Between a candidate who could not reach on time for a litany of reasons, and a chopper that delivered forms so that Sena could prove a point to NCP, high drama marked Tuesday

Maharashtra Assembly Elections 2024, Maharashtra Assembly polls, Maharashtra Assembly, Vanchit Bahujan Aghadi, Nagpur Central, Mumbai news, Maharashtra news, Indian express, current affairsNashik district’s statistics deserved a special mention: of the 361 candidates who have filed nominations from here, as many as 255 did so on Tuesday.

BETWEEN 2019 and now, the number of nomination forms received for the Maharashtra Assembly elections has doubled – from 5,543 to 10,905, as per the state Chief Electoral Officer.
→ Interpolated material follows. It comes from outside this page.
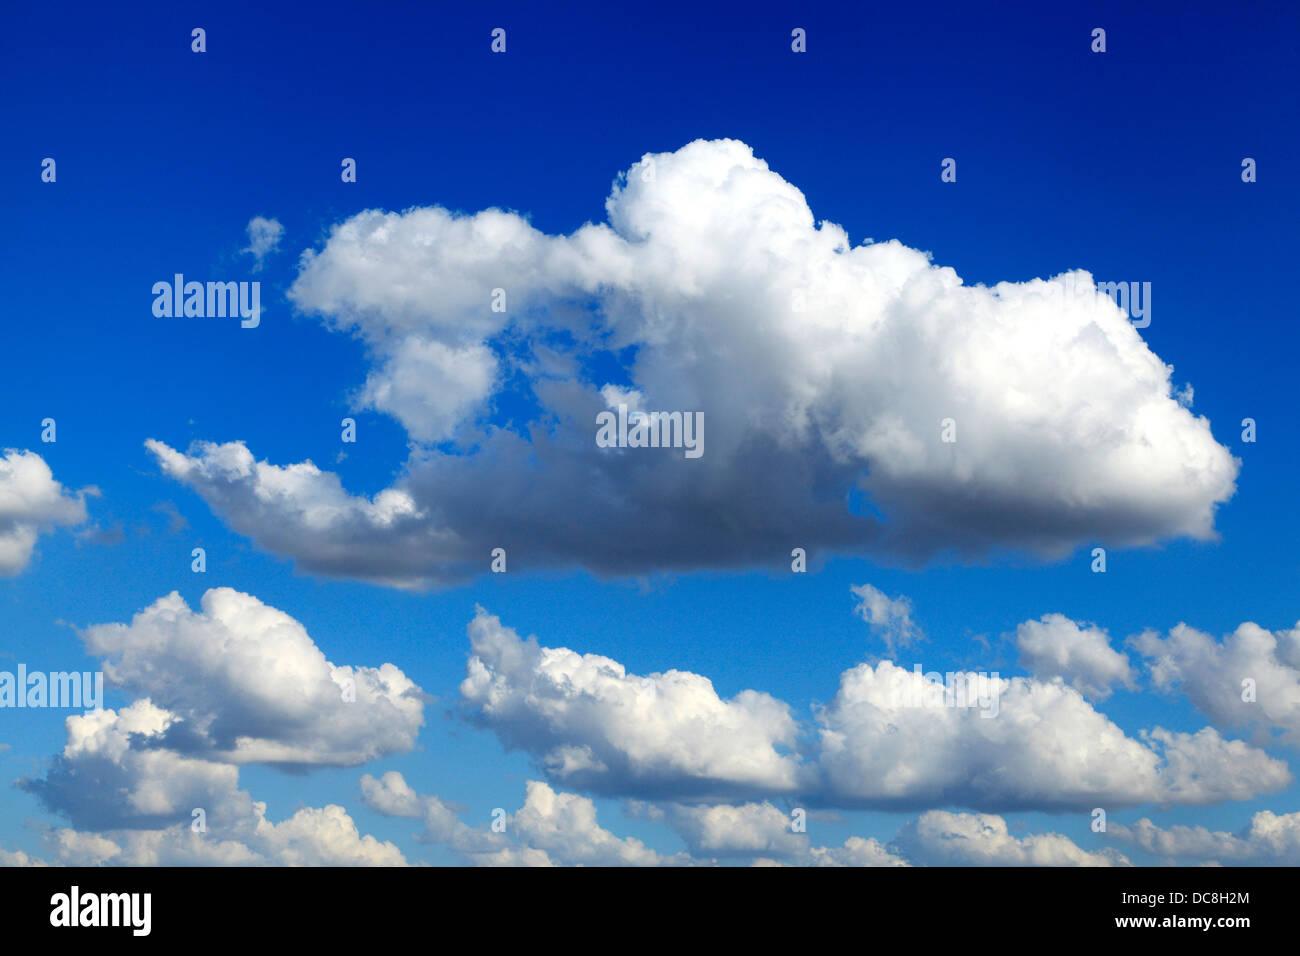 Blauer Himmel, Wolke weißen geschwollenen Cumulus-Wolken Himmel Meteorologie Wetter Hintergrund Stockbild

Perhaps no surprise then that the last day to file nominations in the state on Tuesday was marked by high drama, including a chopper flying in to make form delivery, a missing leader, a mad scramble, and at least one prospective candidate who was inexplicably delayed.

Nashik district’s statistics deserved a special mention: of the 361 candidates who have filed nominations from here, as many as 255 did so on Tuesday.

The leader who got late and hence missed filing his nomination “by minutes” was former Maharashtra minister Anees Ahmed. A Gandhi family loyalist, he had rebelled after the Congress picked Bunty Shelke for the Nagpur Central seat, which Ahmed has won three times in the past. Ahmed was promptly offered a ticket from the seat by the Vanchit Bahujan Aghadi (VBA).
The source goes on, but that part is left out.